DB Invest, a member of the IDB Group, has awarded a USD 125 million financial package to Engie Energía Chile, a subsidiary of the Engie Group, in a bid to accelerate the decarbonization of the country’s electricity sector. The funds, with a period of up to 12 years, will be used to build, operate and maintain the Calama wind farm with an installed capacity of approximately 151 MW, which will be located in the vicinity of the city of Calama, in the Antofagasta region. The project is part of Engie’s energy transformation plan, which in addition to the successive closure of its coal-fired units, considers developing more than 1,000 MW of wind and solar initiatives in Chile over the next few years.
The innovation of the operation comes from the structuring of a pilot financial instrument aimed at accelerating decarbonization activities in Chile, by monetizing the actual displacement of greenhouse gas emissions avoided by the early closure of coal-fired power plants and replaced by clean technology projects.
The financial package consists of a senior IDB Invest loan of USD 74 million, USD 15 million of mixed funding from the Clean Technology Fund (CTF) and USD 36 million from the Chinese Co-Financing Fund in Latin America and the Caribbean (China Fund). The financing structure sets a minimum price for emissions that is offset by a lower financing cost in the loan tranche granted by the CTF. A methodology tailored to the project has been developed for the accounting of displaced GHG emissions.
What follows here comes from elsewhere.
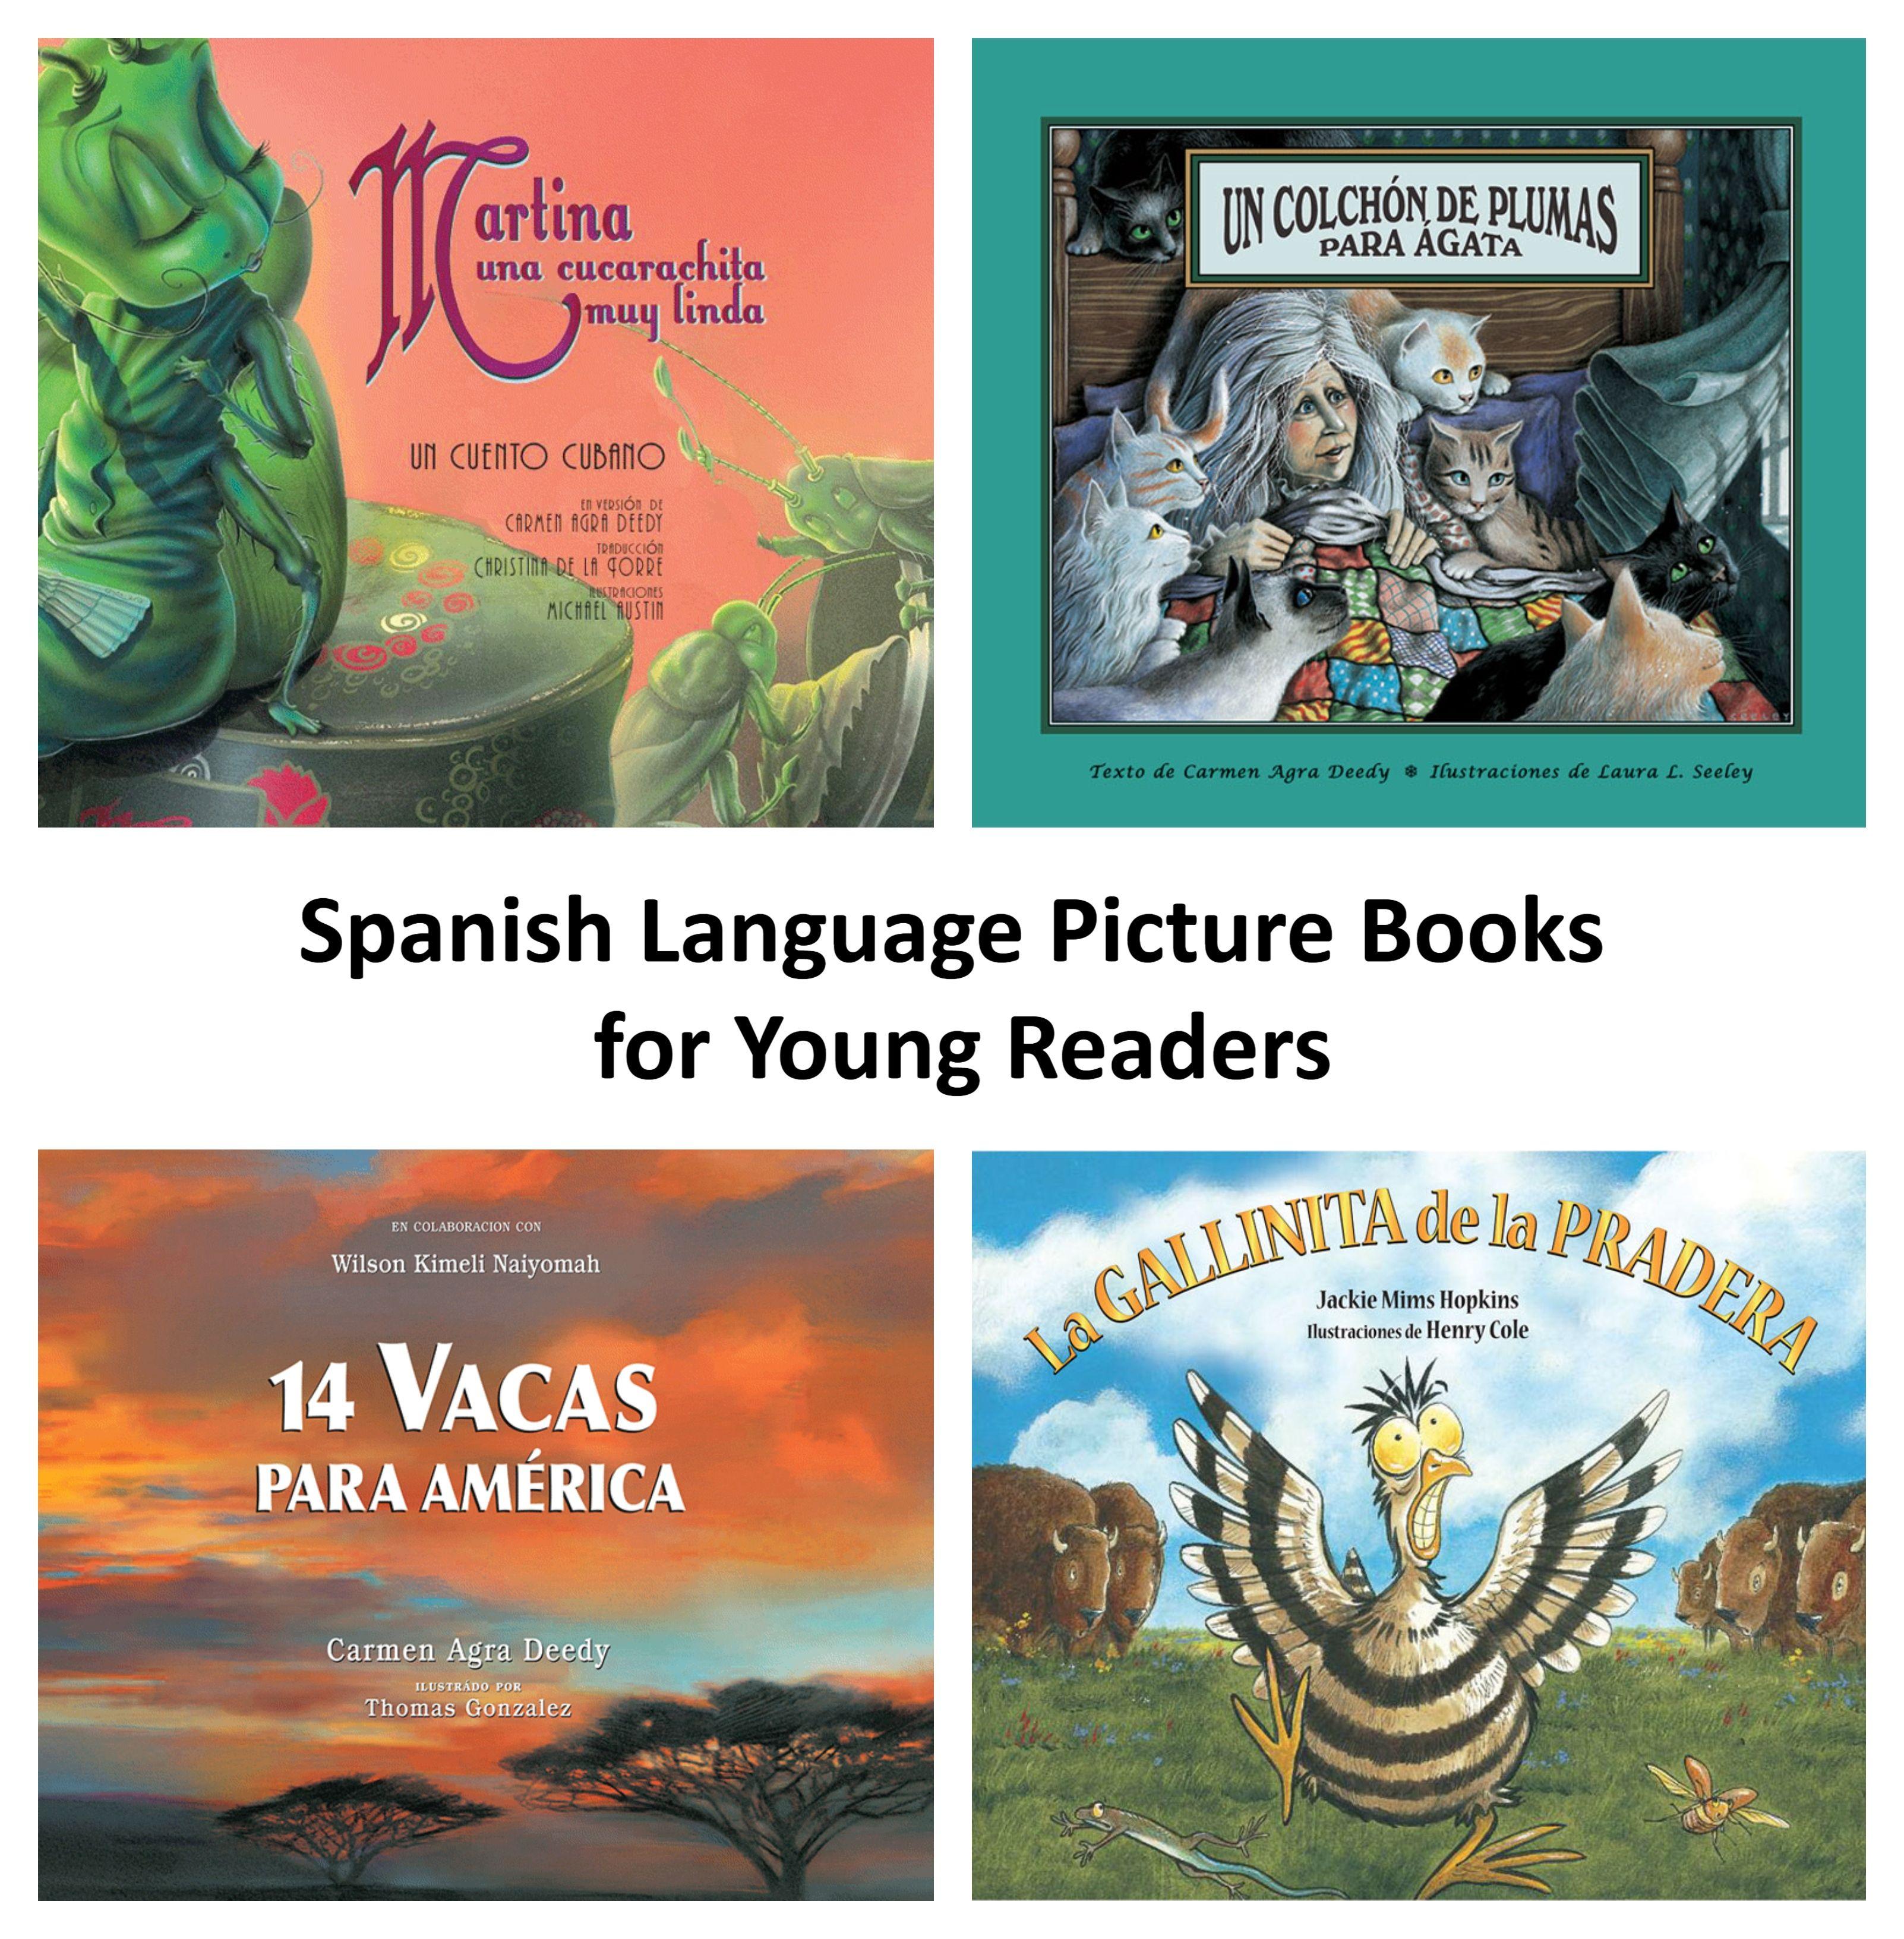 7 spanish language picture books books how to speak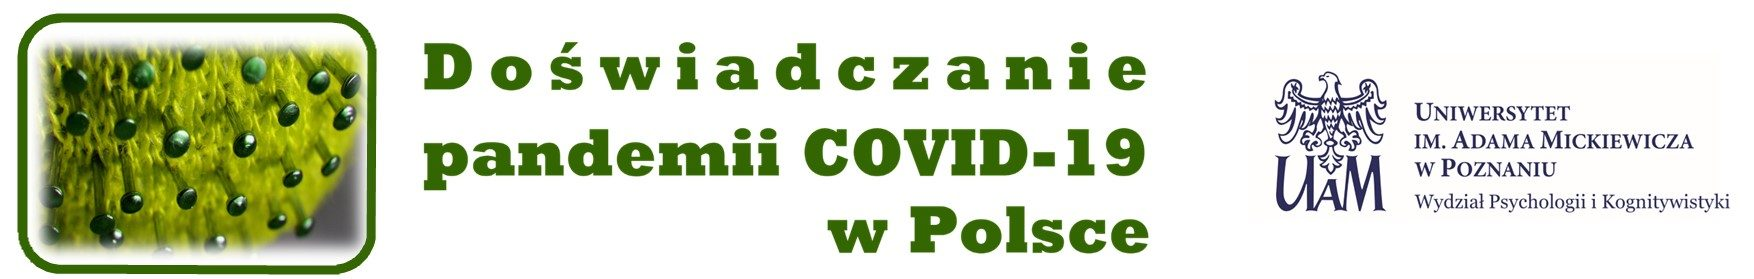 DOŚWIADCZANIE PANDEMII COVID-19 W POLSCE

It is expected to serve as a model and be replicable in other projects in Chile and Latin America and the Caribbean, with the aim of accelerating the energy decarbonization of the region.
The agreement to develop this instrument was announced during the United Nations Climate Change Conference (COP25) in 2019, and will potentially contribute to Sustainable Development Goals 7 and 13. IDB Invest, through its Invest in Reverse strategy, joins forces with various private sector actors, innovating financially to help countries in the region meet their goals in the Paris Agreement, such as Chile’s decarbonization plan, which provides for the gradual closure of its 28 thermoelectric plants between 2019 and 2040. These plants, which will be replaced by those using renewable energy, accounted for 35 per cent of the country’s electricity production by 2020. Eight of them will be withdrawn in the first five years of the plan, which will reduce emissions by 20 per cent.